═════ Source material ═════

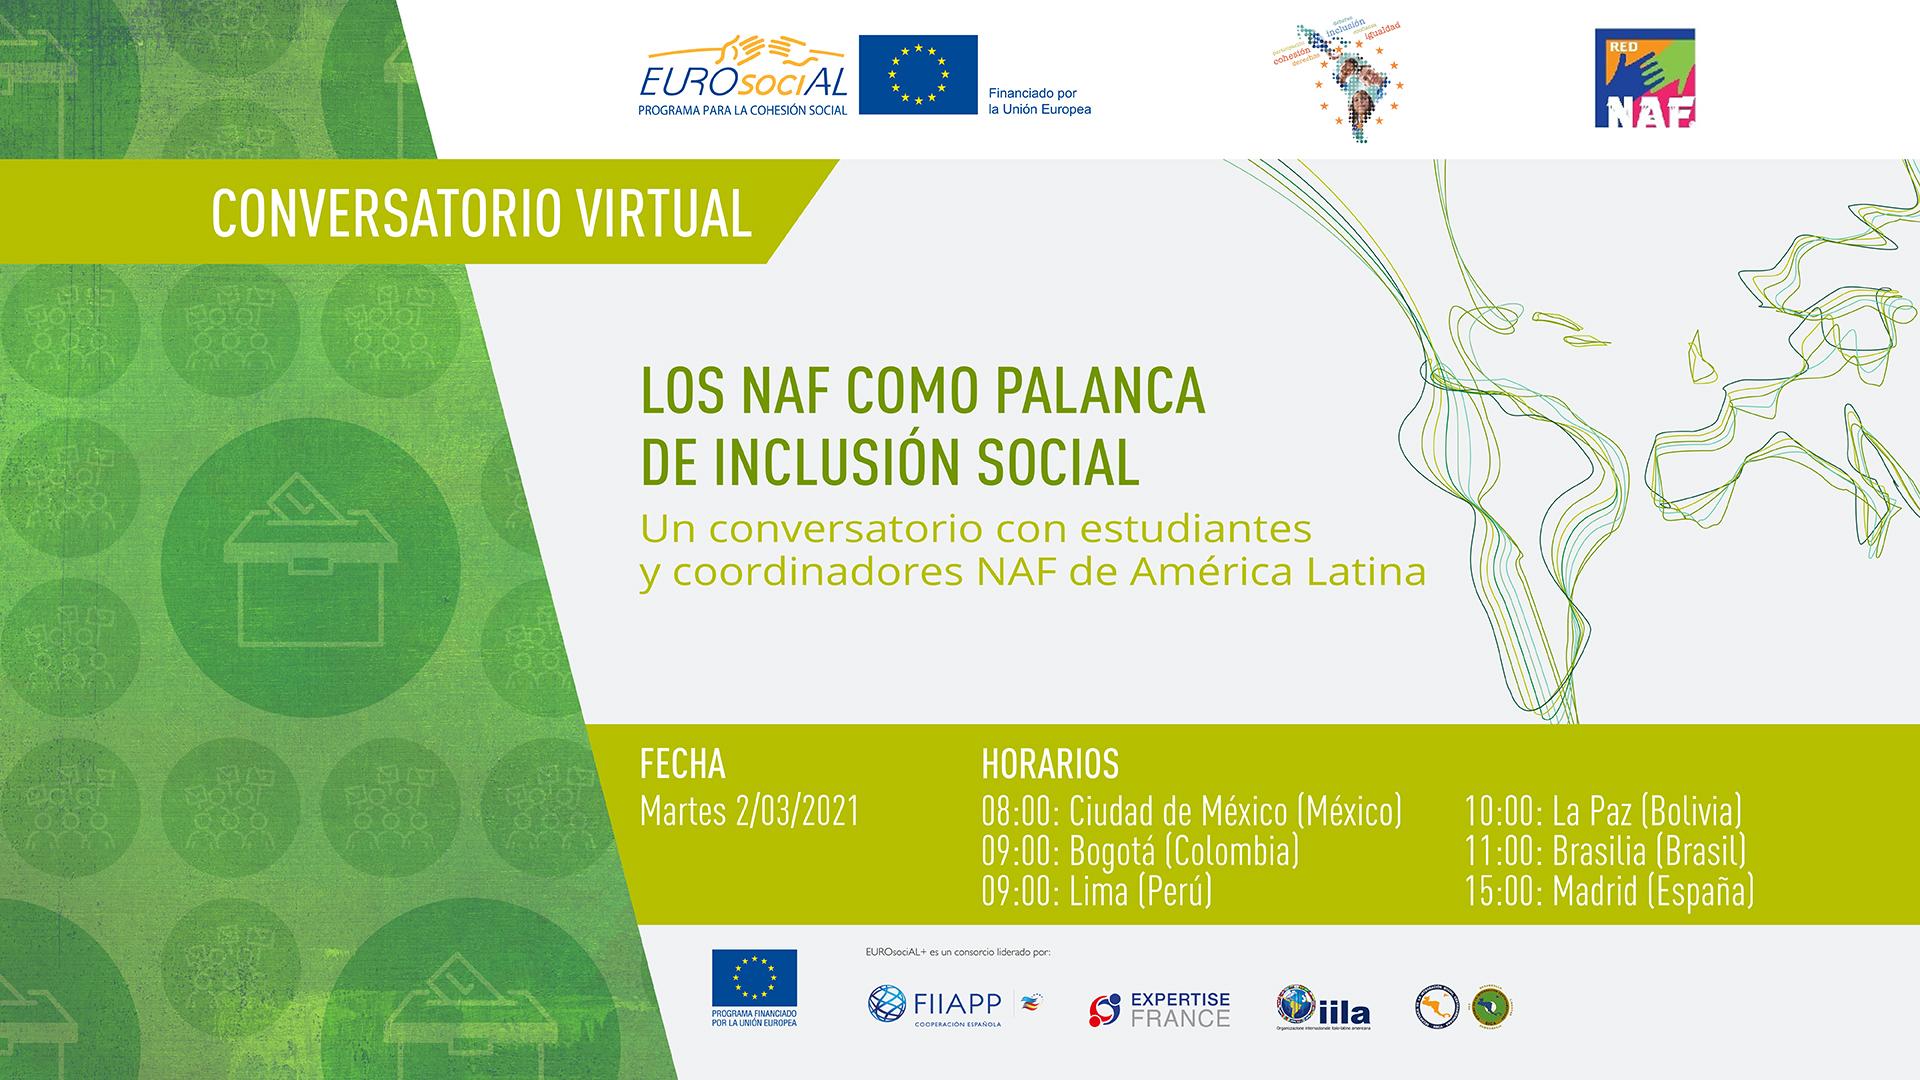 Los NAF como palanca de inclusión social. Un conversatorio con estudiantes y coordinadores NAF de América Latina
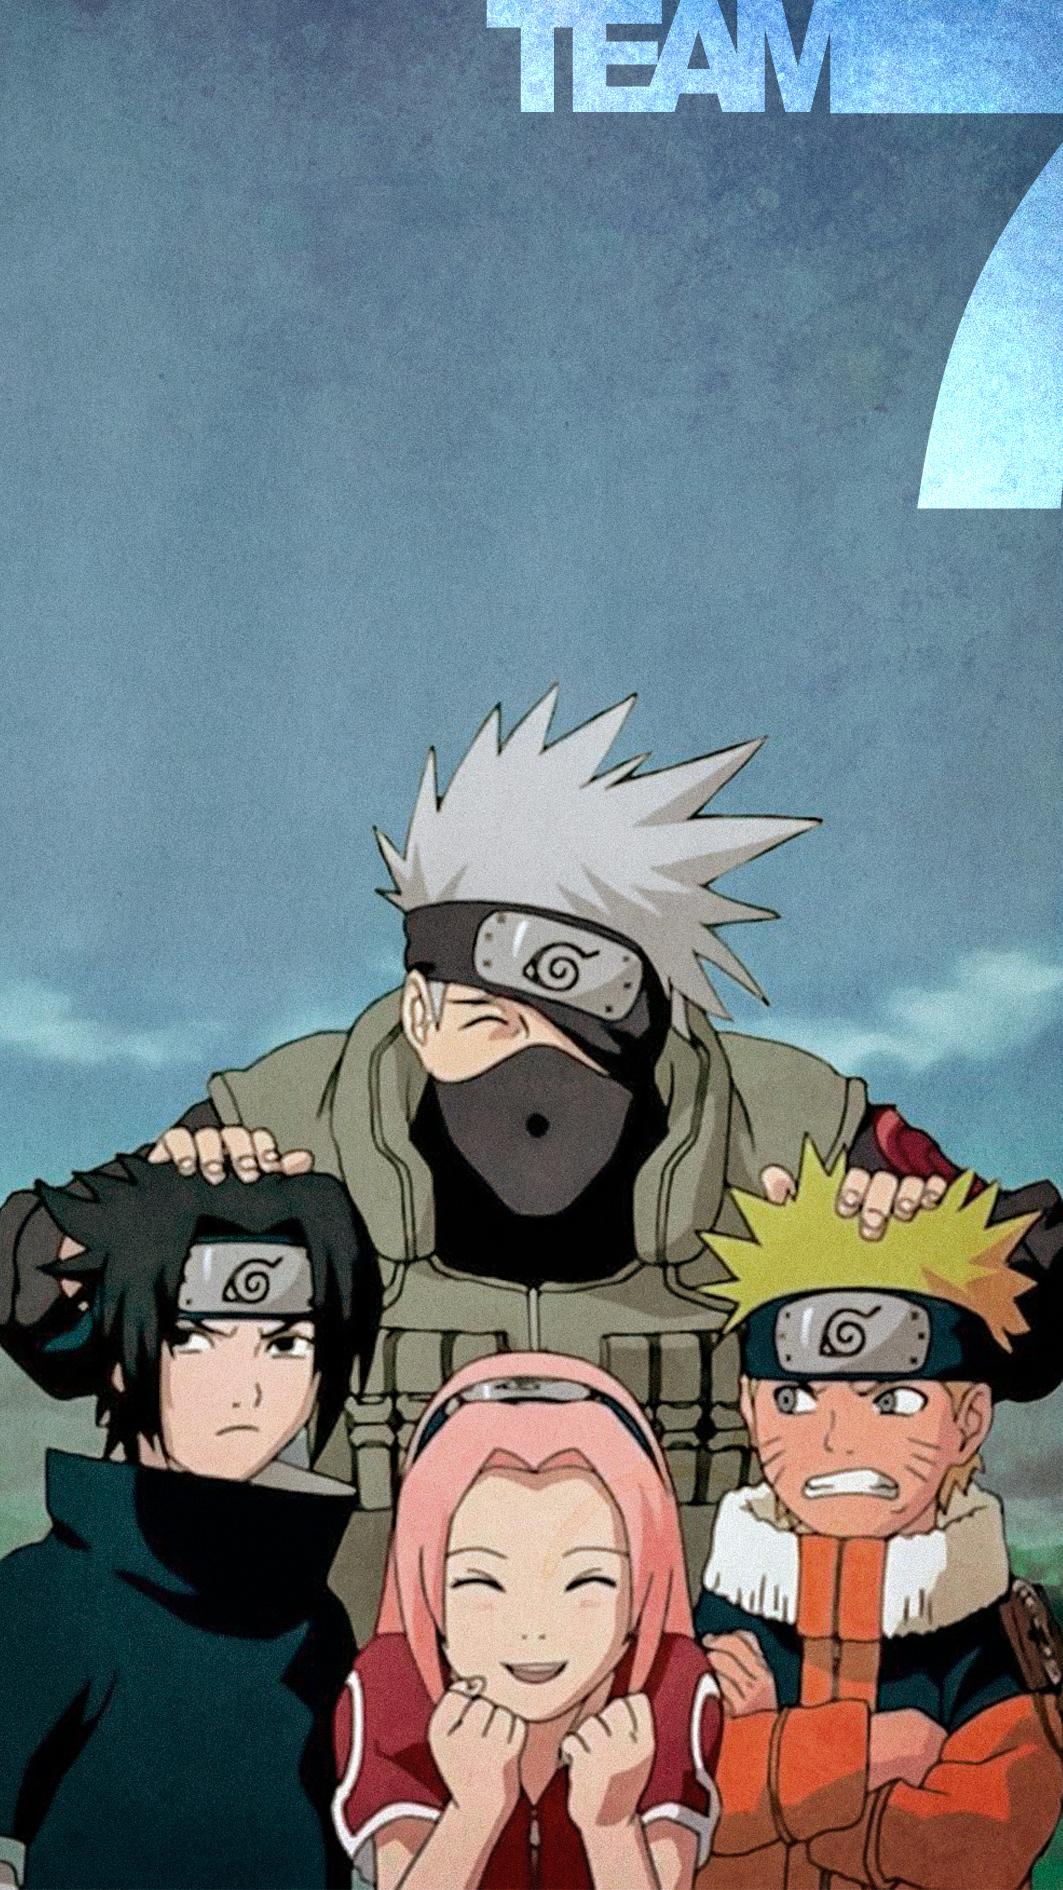 Team 7 Anime Chibi Arte Naruto Naruto Shippuden Sasuke
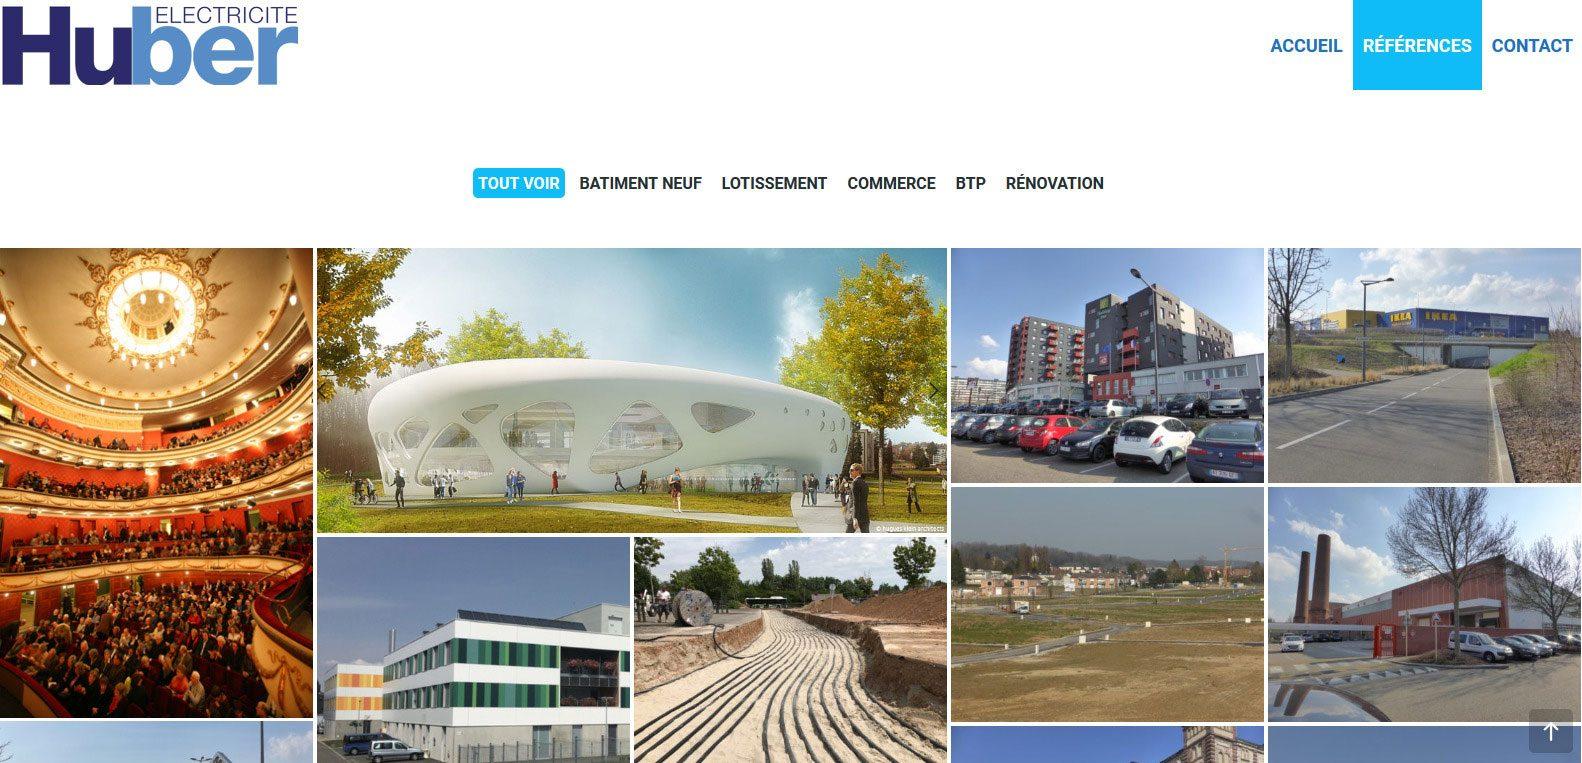 Bâtiments et référence de huber électricité. Client de karedess, agence web sur Mulhouse

═════

| Exercise details |
From the first line to the last, transcribe the listing exactly; skip the pictures.

| Response to the exercise |
 Los NAF como palanca de inclusión social. Un conversatorio con estudiantes y coordinadores NAF de América Latina
 Team 7 Anime Chibi Arte Naruto Naruto Shippuden Sasuke
 Bâtiments et référence de huber électricité. Client de karedess, agence web sur Mulhouse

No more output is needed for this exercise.